I position myself so that when we are helped up onto the pachyderm’s back, I’m on the same side of the seat as Dean, hoping that I might get a chance to chat to him, to get to know him a little better, especially as Sue will probably be busy taking photographs. She’s already fiddling with her Nikon, oblivious to my subtle machinations, so it’s looking hopeful.

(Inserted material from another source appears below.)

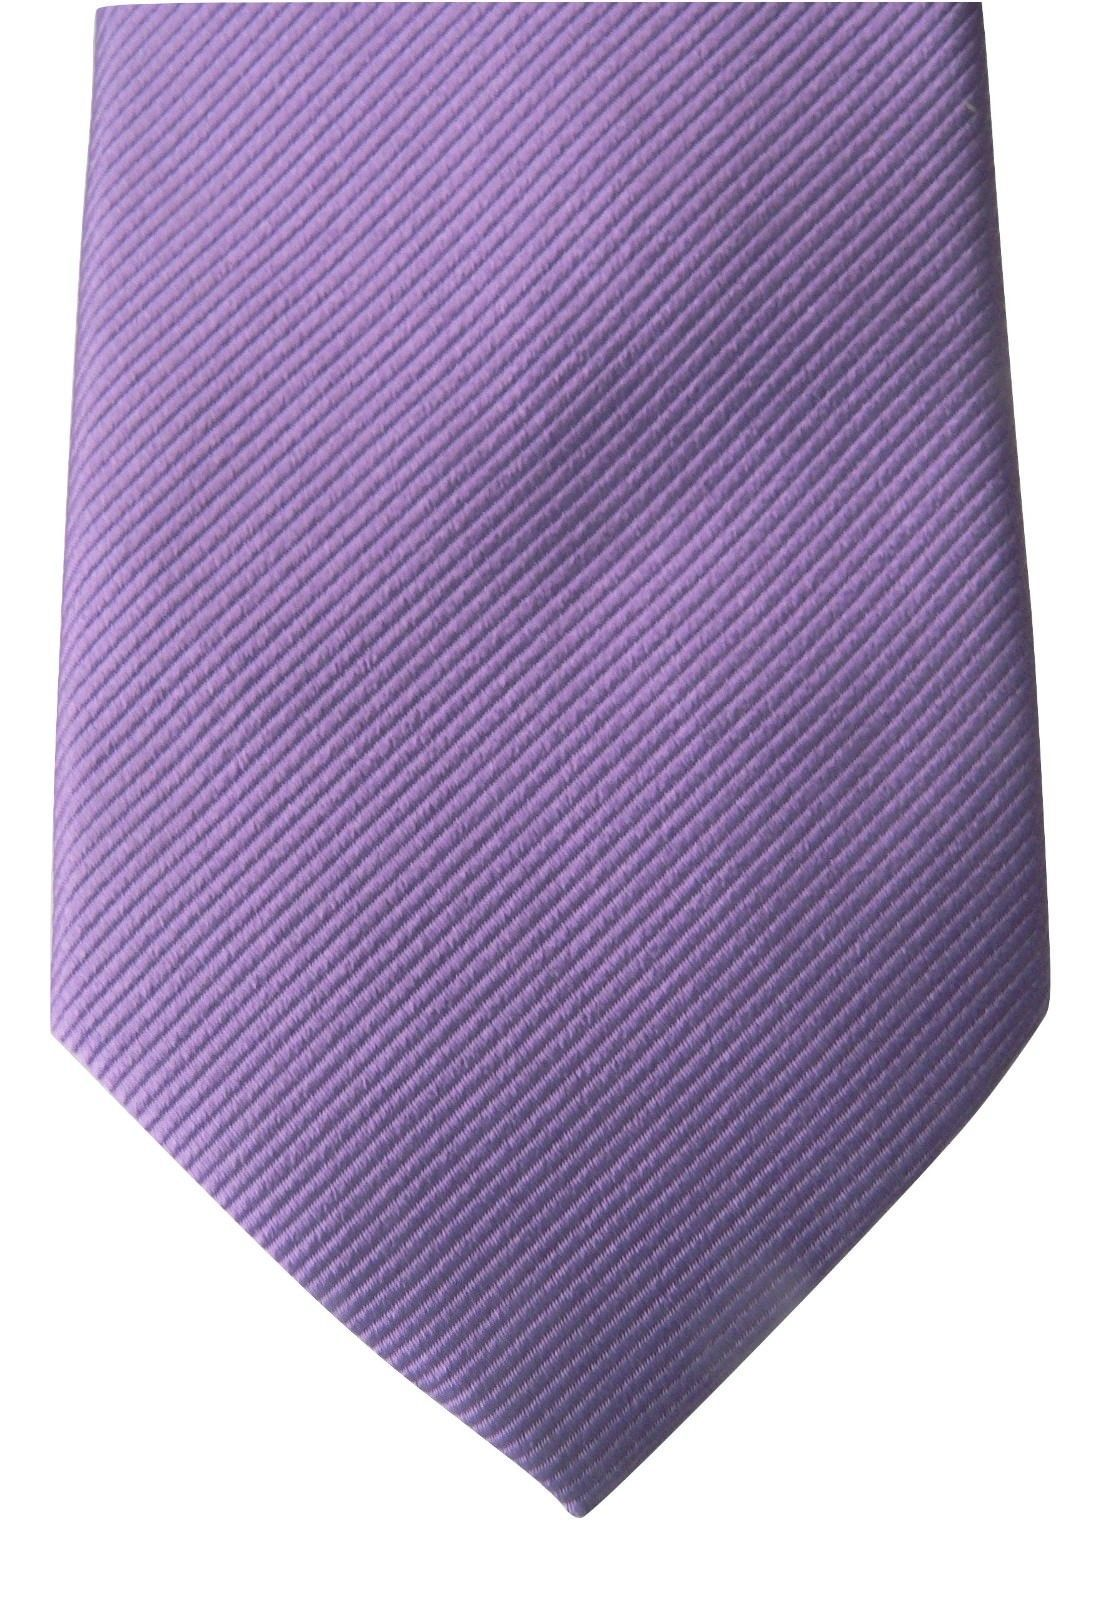 NWT GIORGIO ARMANI black label Italy silk tie necktie purple lavender $245 sharp - $144.53

We mount, and I settle into my place beside Dean, as planned. In the half-light he smiles at me in anticipation of our adventure, and I smell his morning breath in the space between us – honeyed and not at all sour, like a child’s. My own breath catches in my throat at our proximity: though still more stubbled, he’s godlike, with a bone structure to die for. It strikes me that though they are both indisputably lovely, he and Sue don’t really look that alike, beyond the superficial similarities of their colouring. Though her frame is athletic like his, her face is softer, plumper, less delineated. And those large breasts tell me that her svelteness is probably less genetic than striven for, paid for in hours at the gym or spent pounding the pavements in jogging kit.